GOAL OF THE EXERCISE
Leave out the pictures and reproduce all of the data exactly.

EXERCISE DATA
↓↓↓
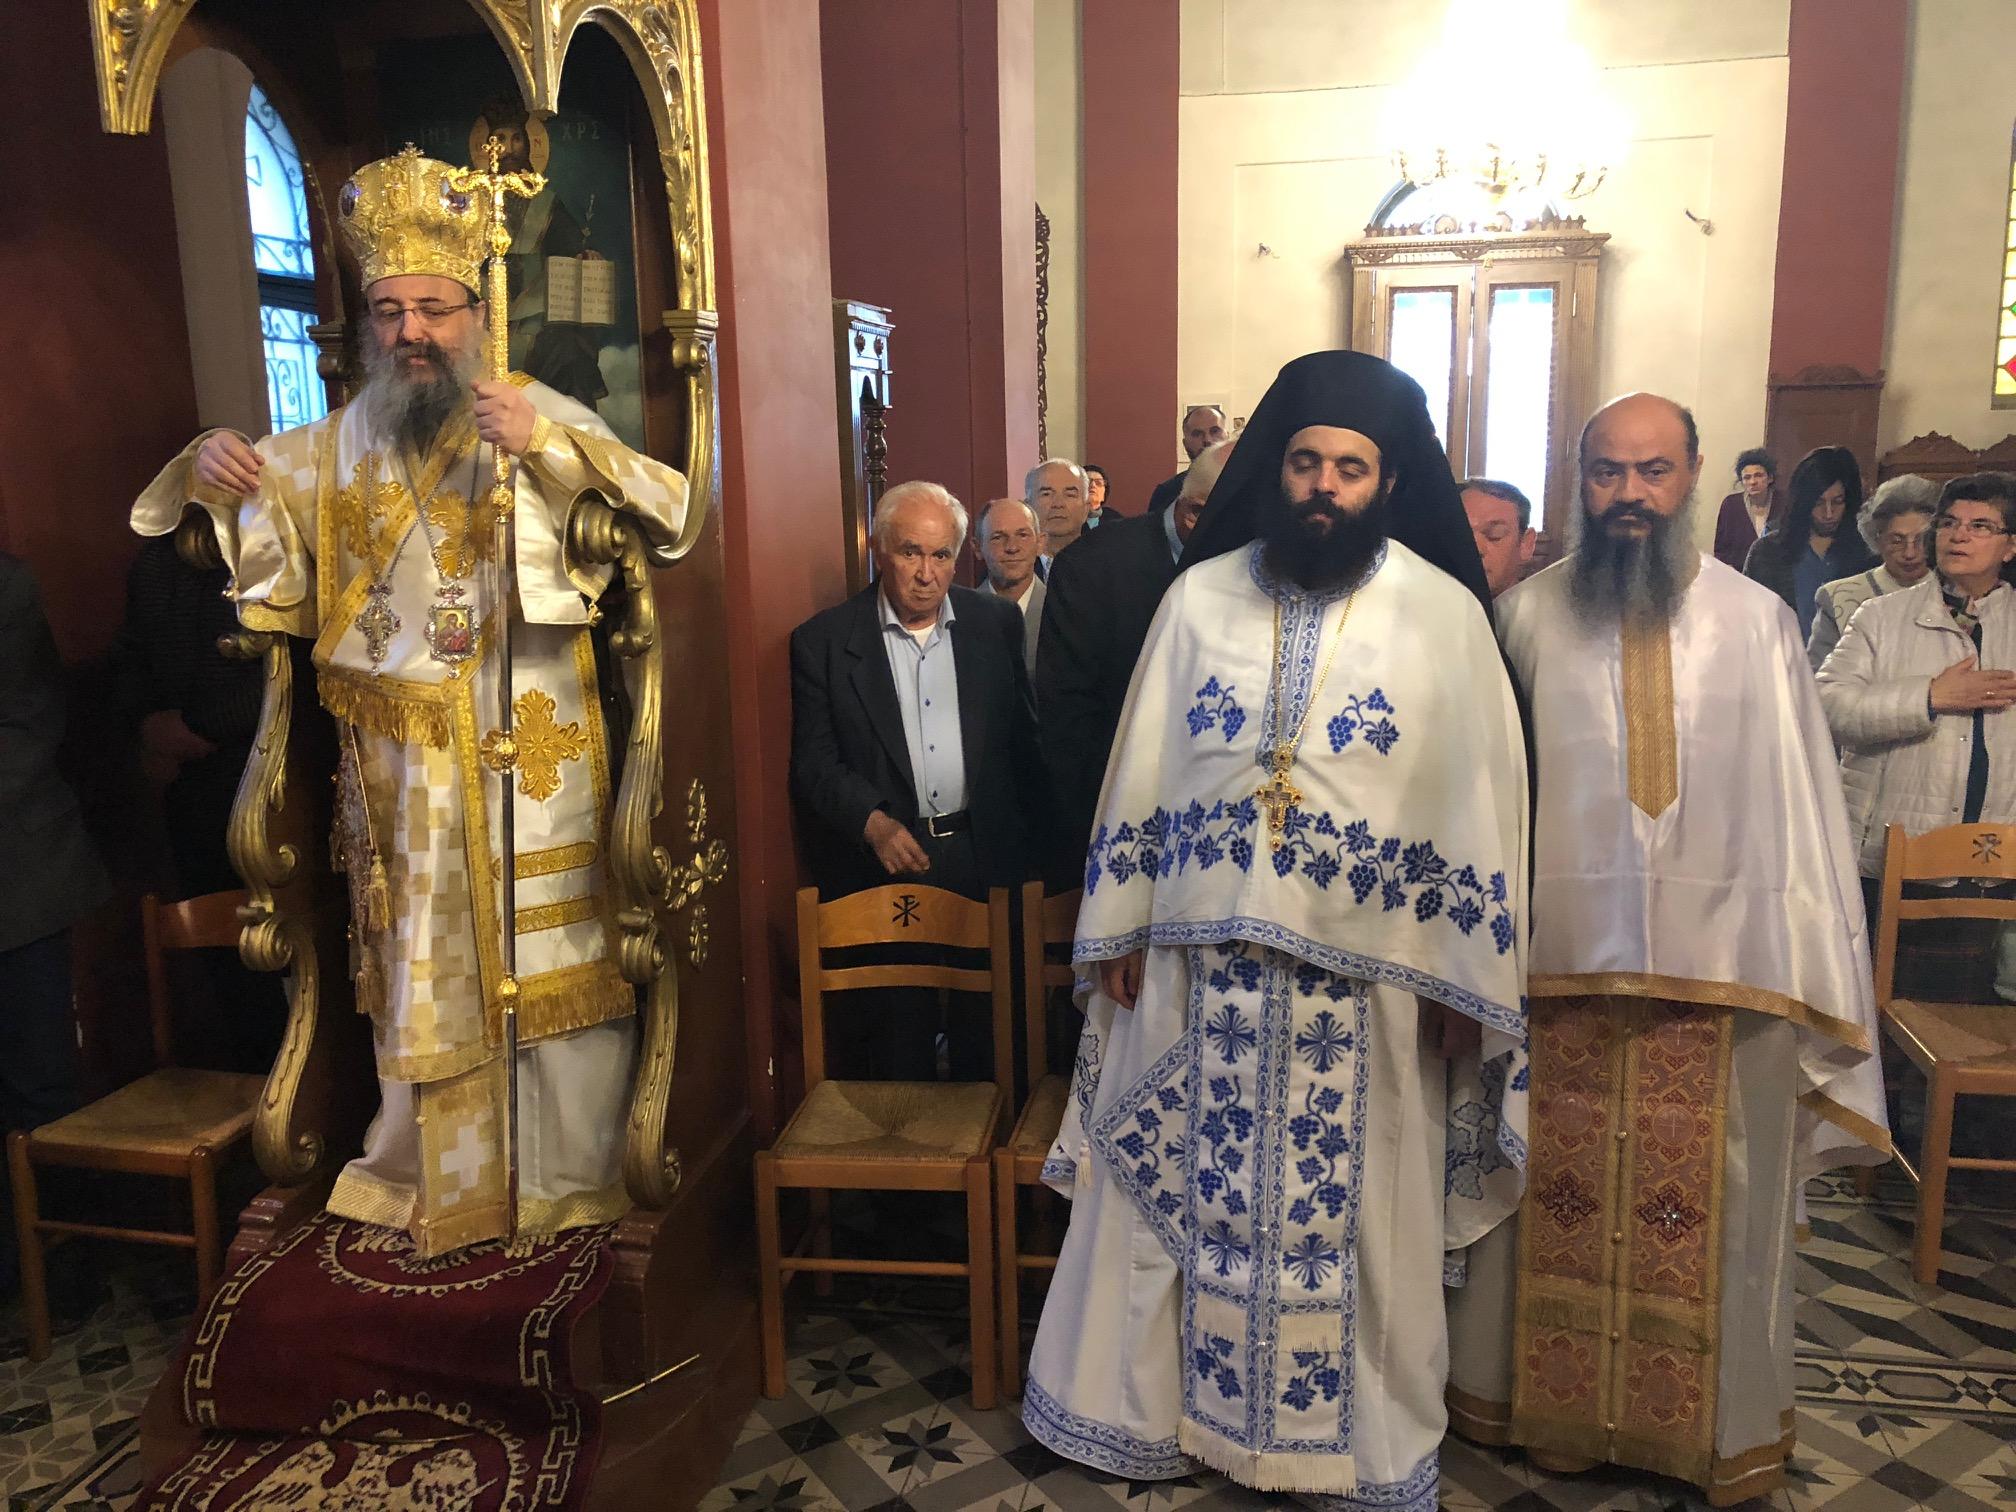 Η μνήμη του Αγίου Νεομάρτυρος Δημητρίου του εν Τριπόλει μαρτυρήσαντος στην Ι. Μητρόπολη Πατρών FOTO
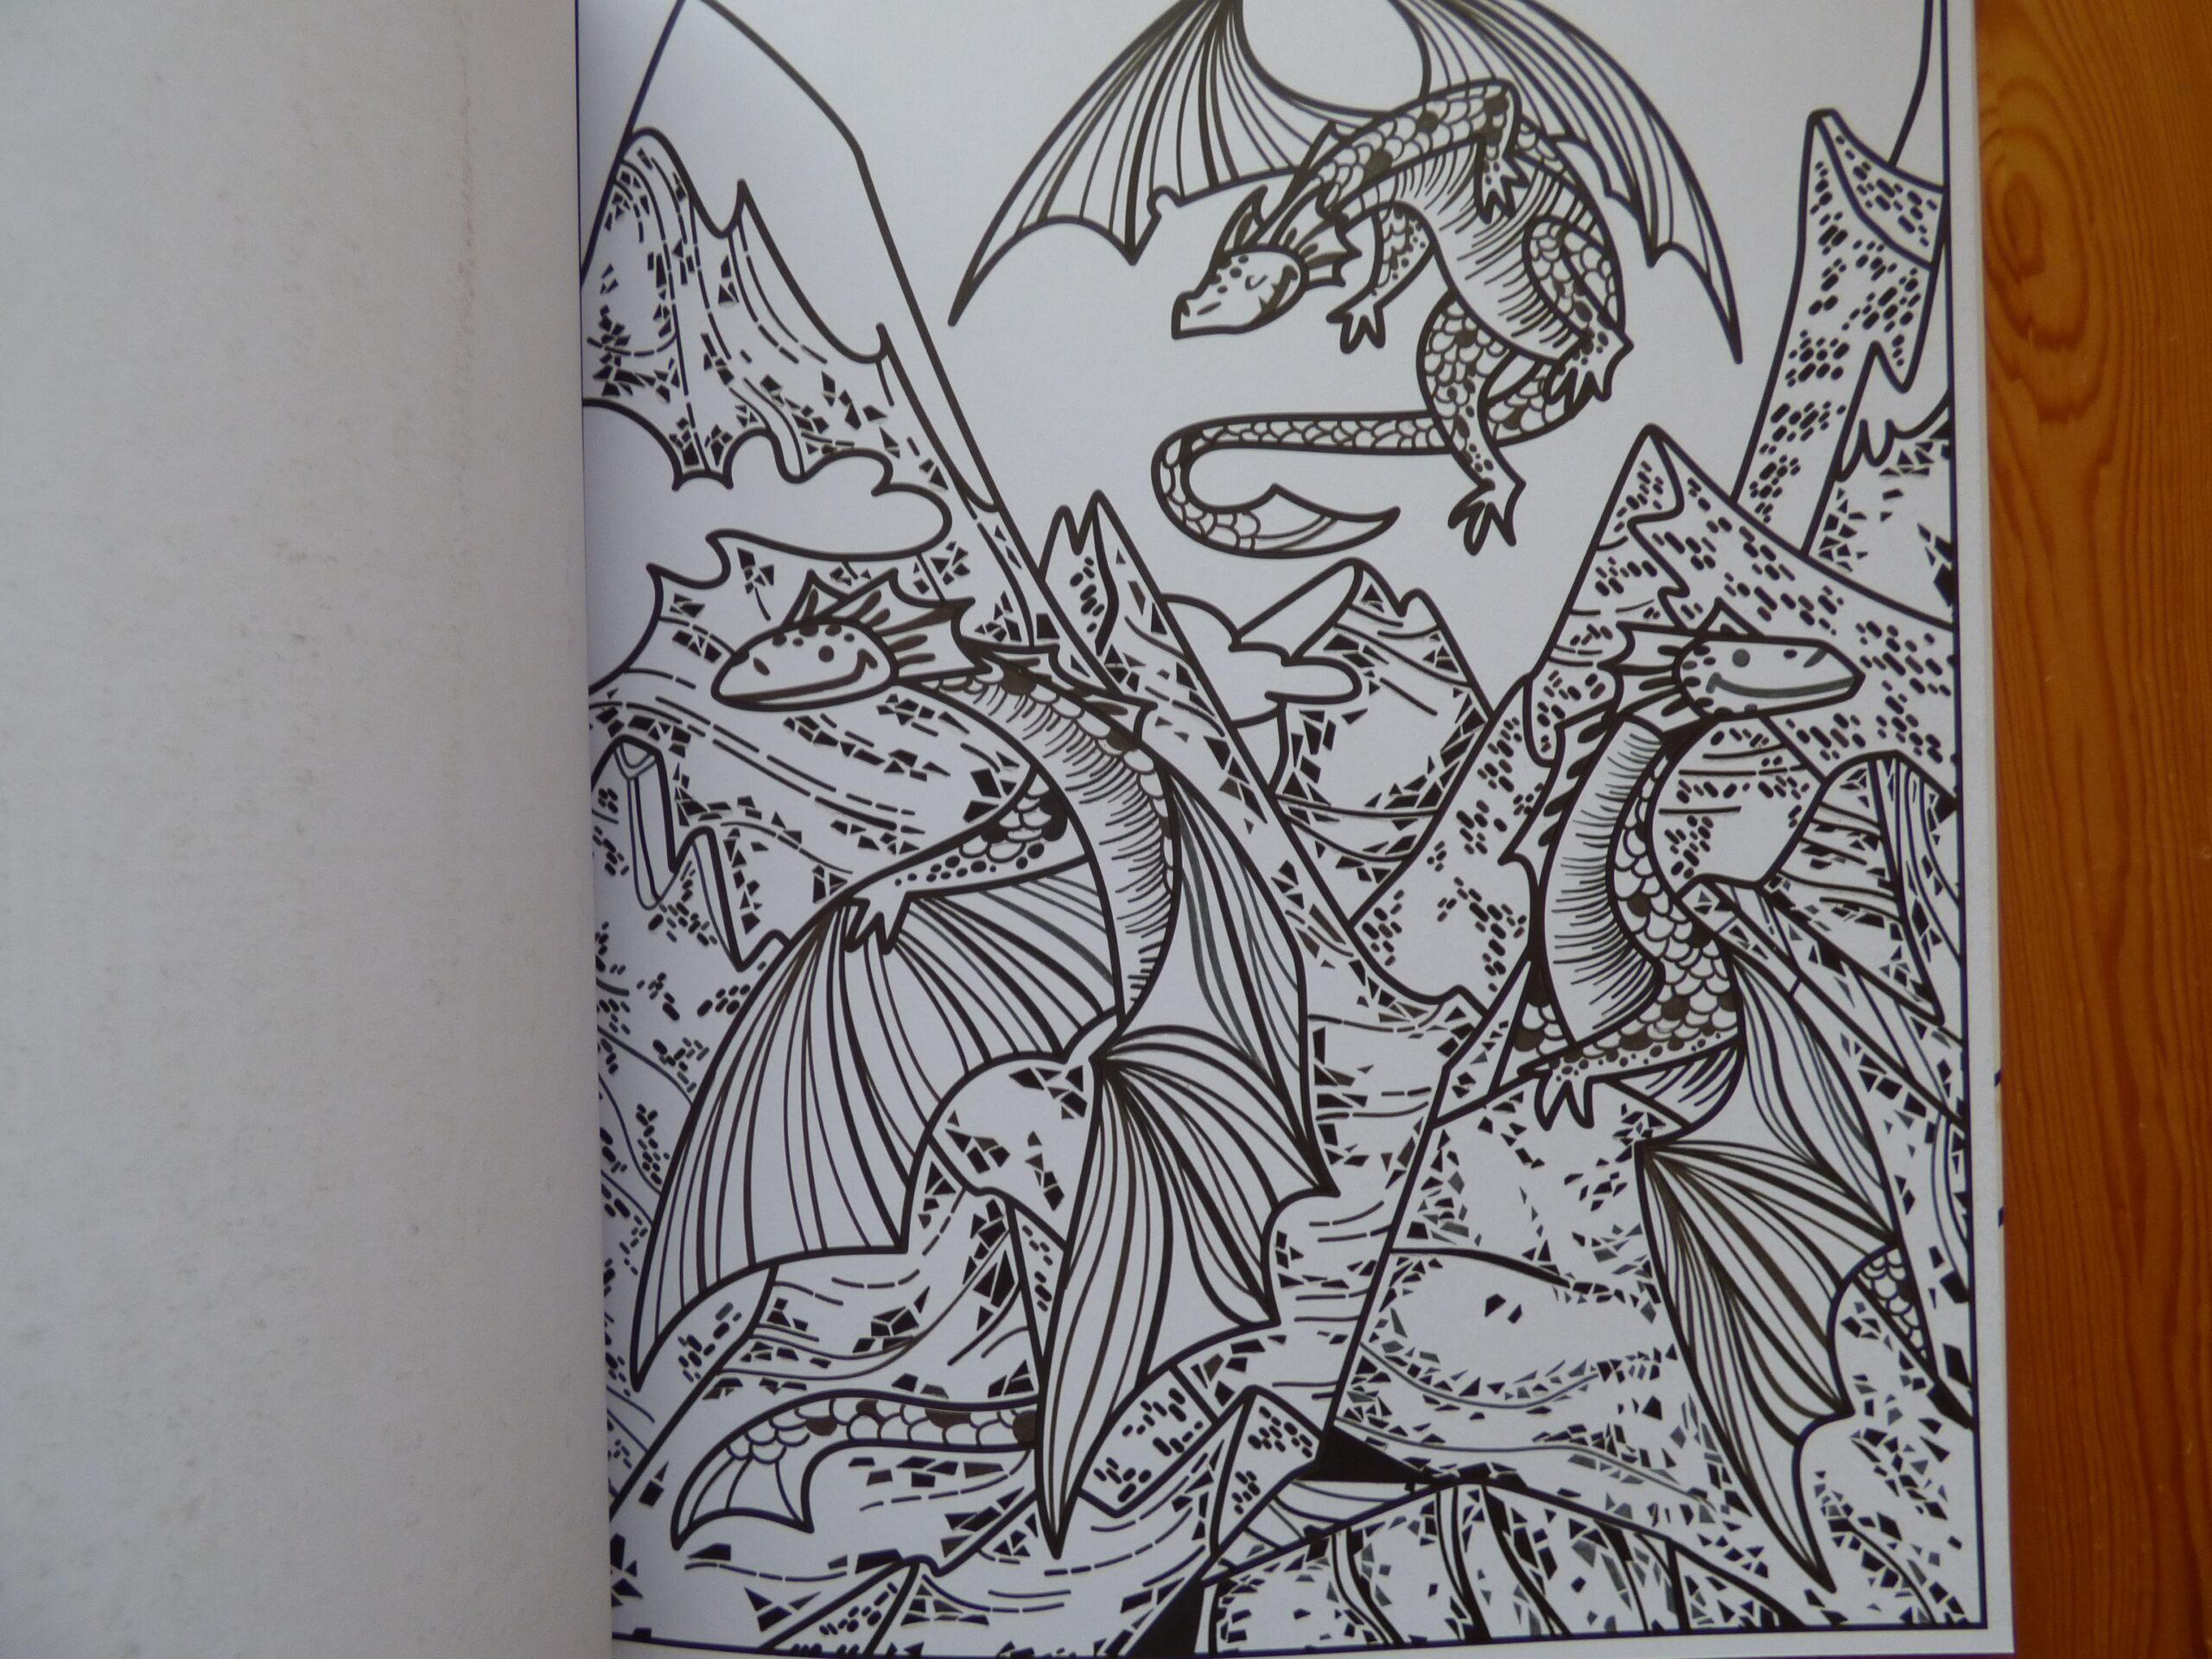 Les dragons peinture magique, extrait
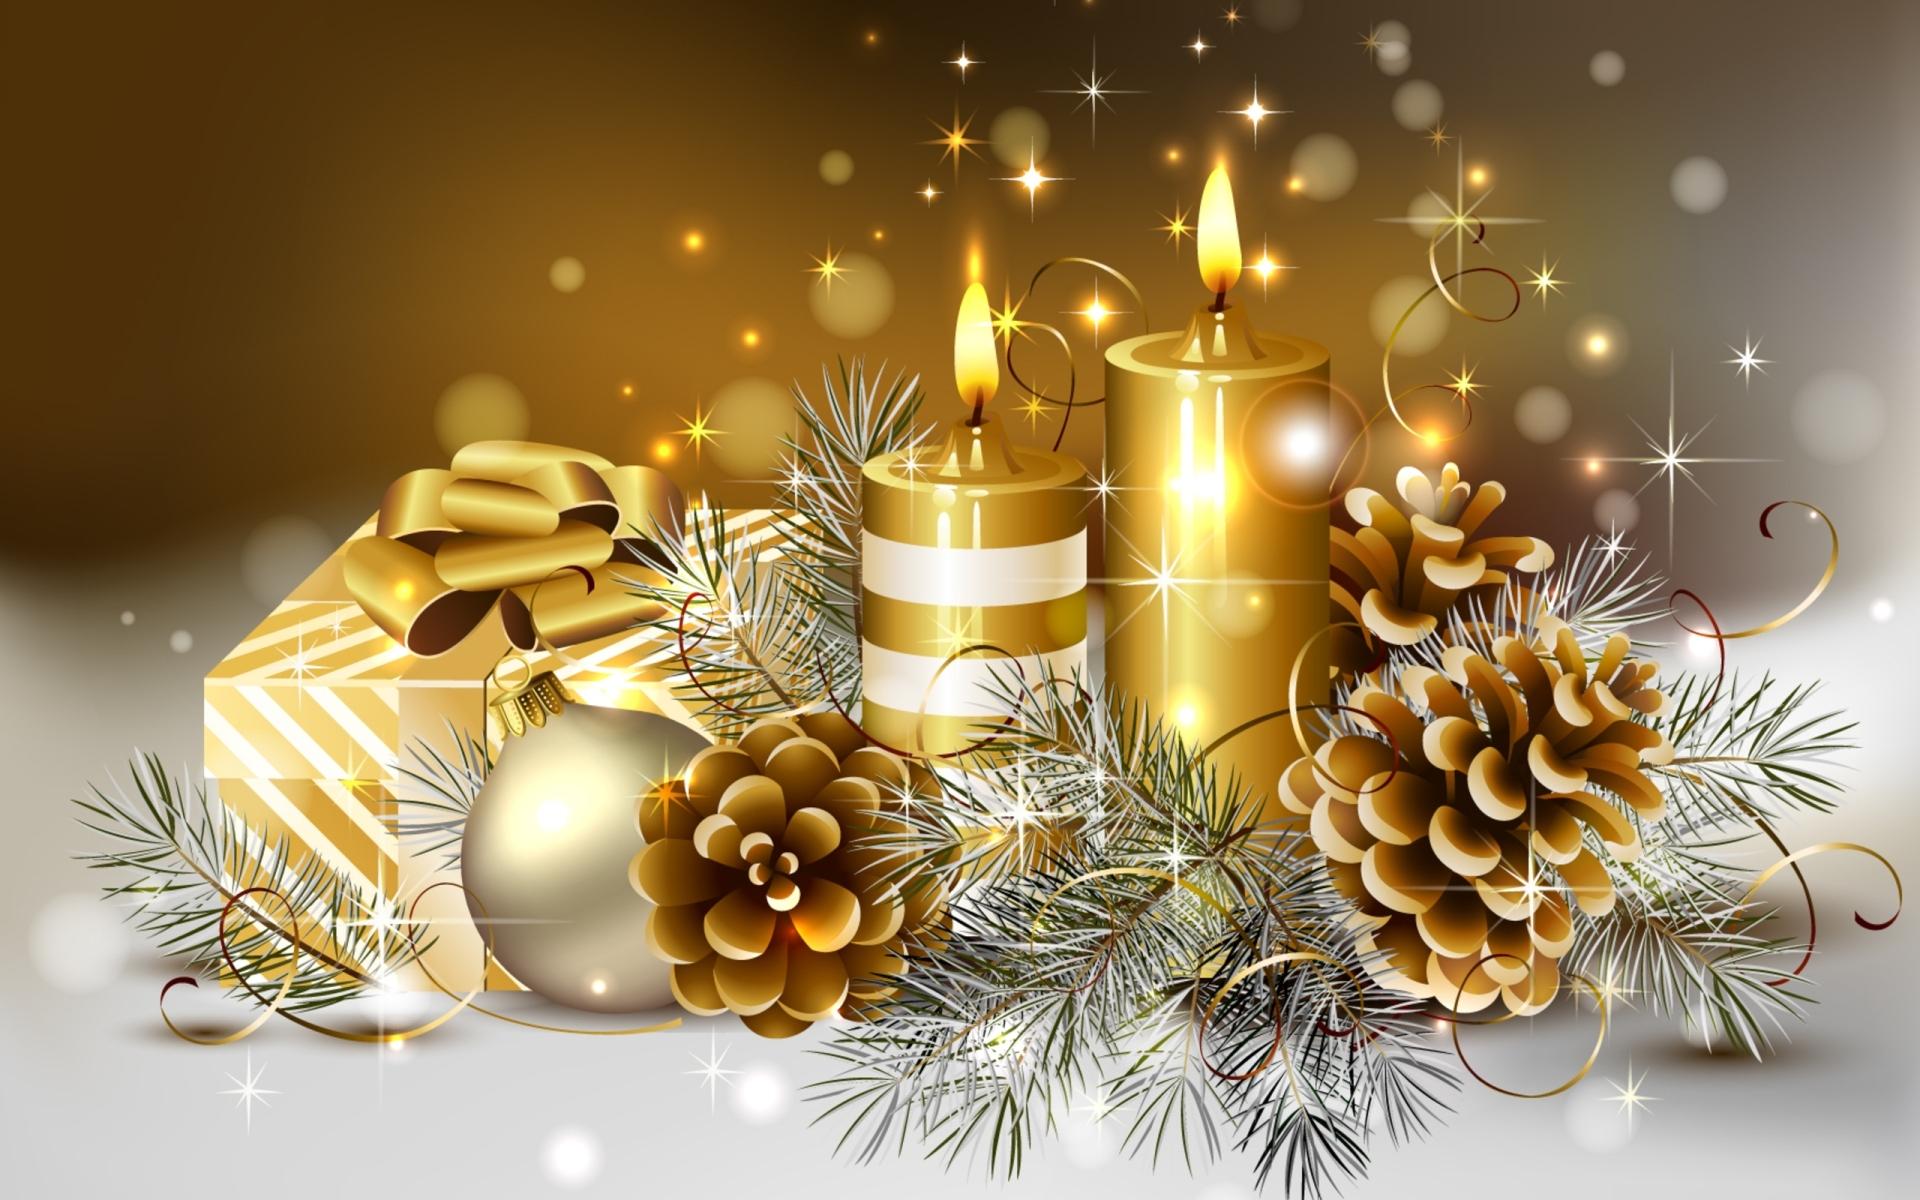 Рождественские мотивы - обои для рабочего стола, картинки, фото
↑↑↑
RESULT OF THIS EXERCISE
 Η μνήμη του Αγίου Νεομάρτυρος Δημητρίου του εν Τριπόλει μαρτυρήσαντος στην Ι. Μητρόπολη Πατρών FOTO
 Les dragons peinture magique, extrait
 Рождественские мотивы - обои для рабочего стола, картинки, фото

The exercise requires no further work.